**Provided data**
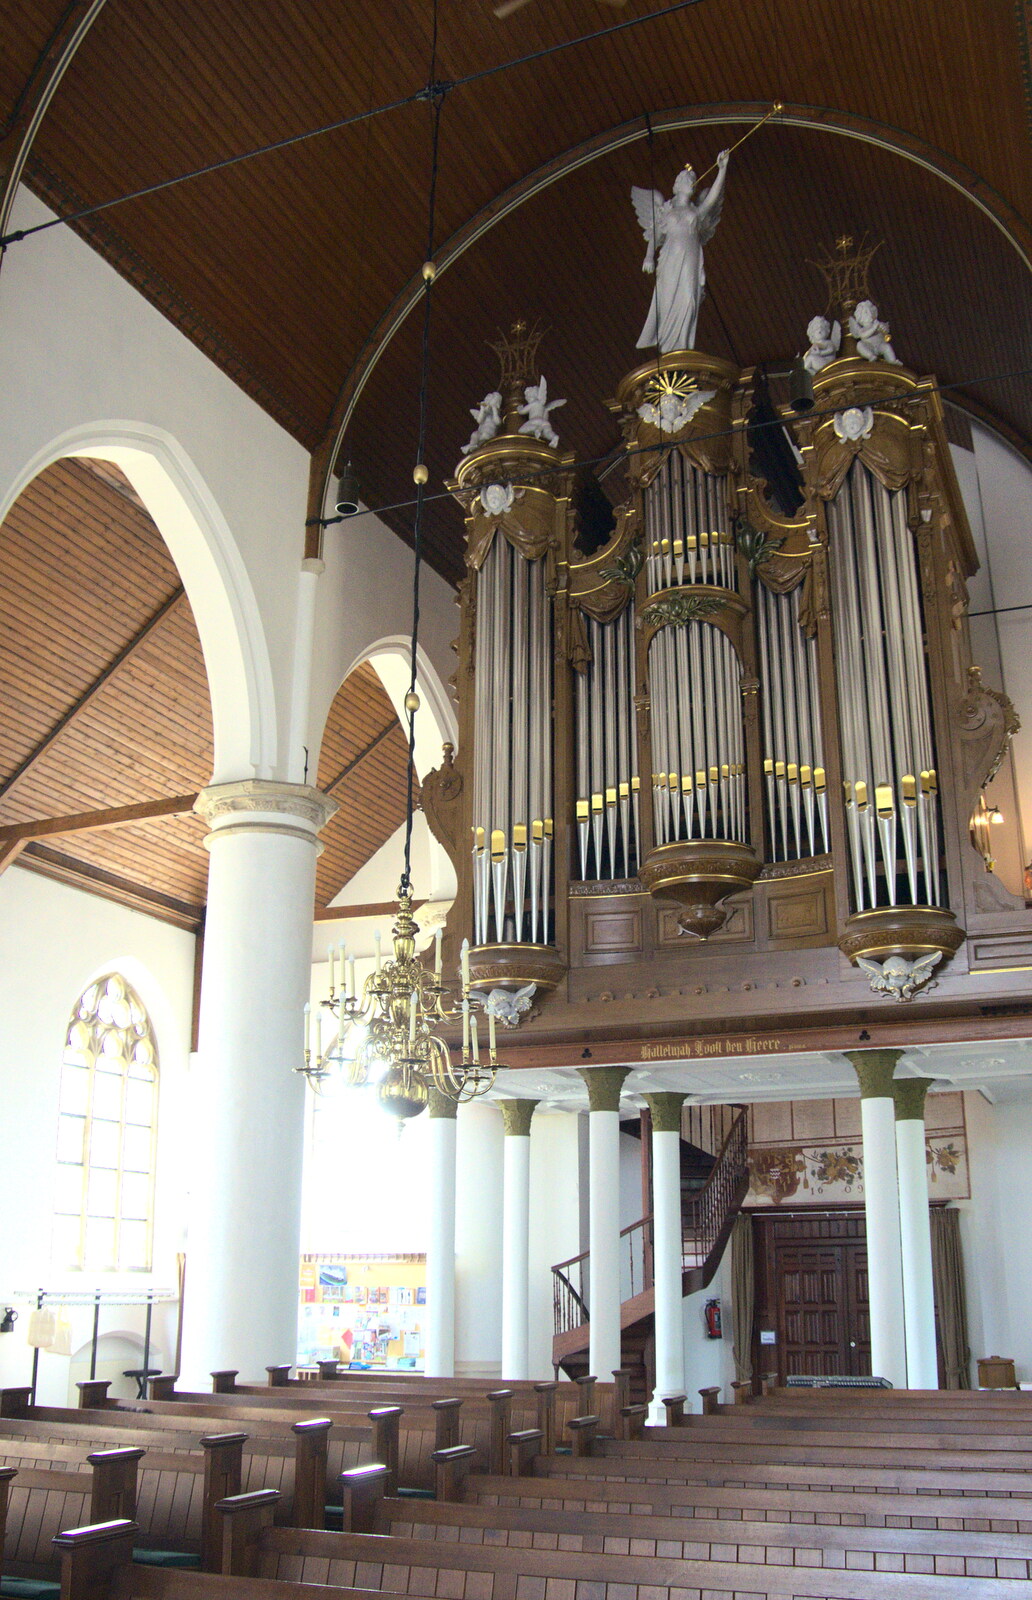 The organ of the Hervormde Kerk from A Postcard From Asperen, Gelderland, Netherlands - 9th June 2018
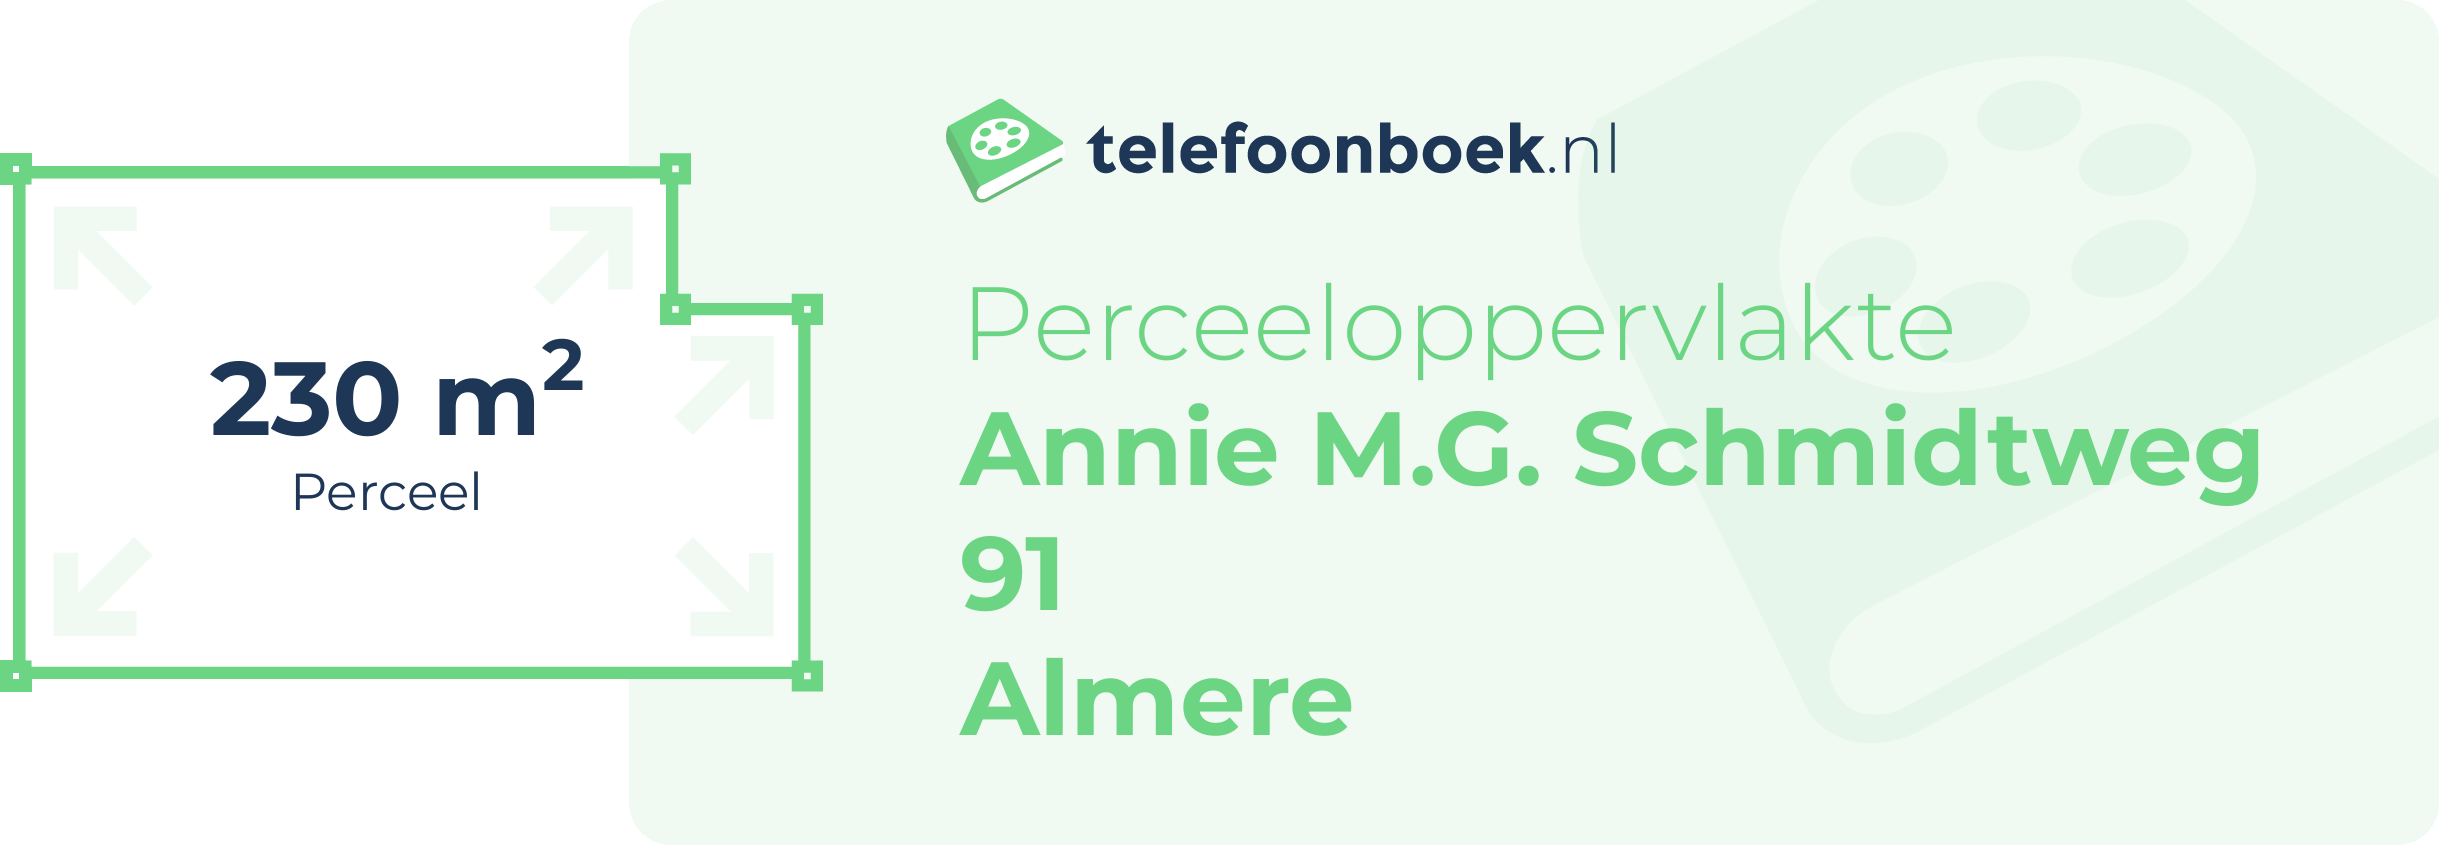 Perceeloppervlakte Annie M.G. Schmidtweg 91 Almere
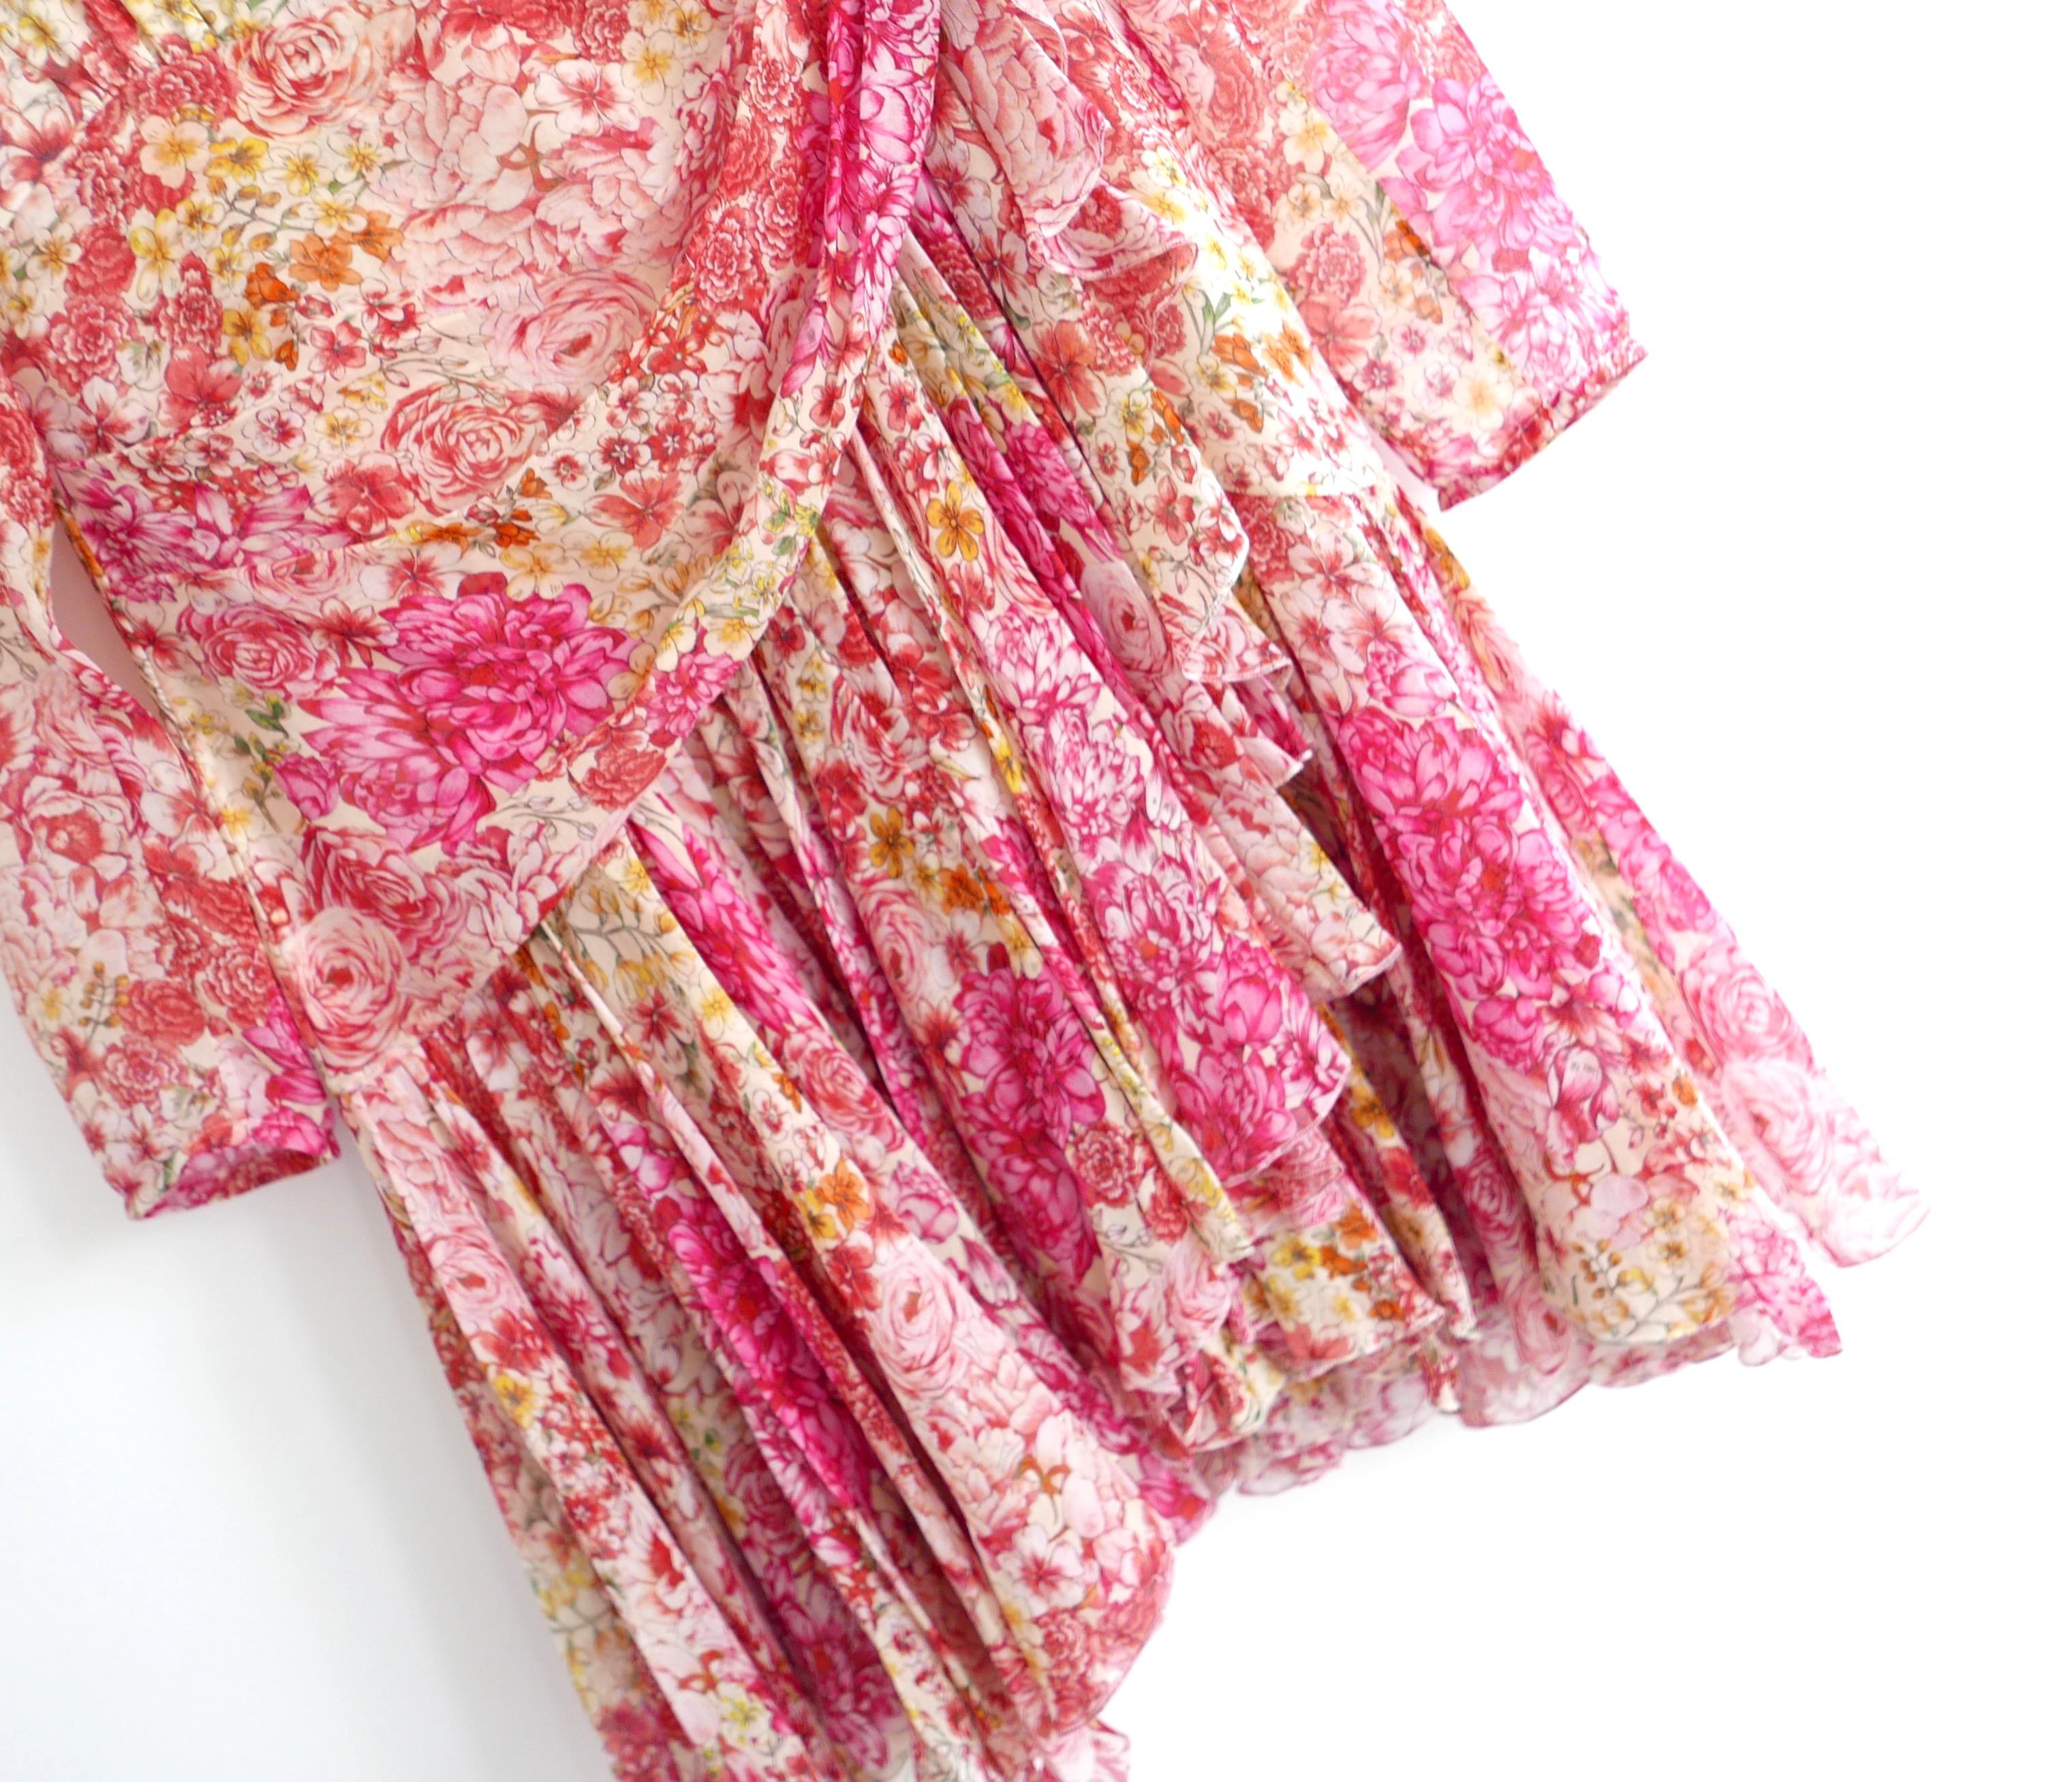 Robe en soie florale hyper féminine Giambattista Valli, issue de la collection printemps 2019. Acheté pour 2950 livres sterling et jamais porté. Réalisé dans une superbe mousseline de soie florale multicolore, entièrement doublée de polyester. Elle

**The problem**
The copy must match every line of the data exactly and contain no pictures.

**Task response**
 The organ of the Hervormde Kerk from A Postcard From Asperen, Gelderland, Netherlands - 9th June 2018
 Perceeloppervlakte Annie M.G. Schmidtweg 91 Almere
 Robe en soie florale hyper féminine Giambattista Valli, issue de la collection printemps 2019. Acheté pour 2950 livres sterling et jamais porté. Réalisé dans une superbe mousseline de soie florale multicolore, entièrement doublée de polyester. Elle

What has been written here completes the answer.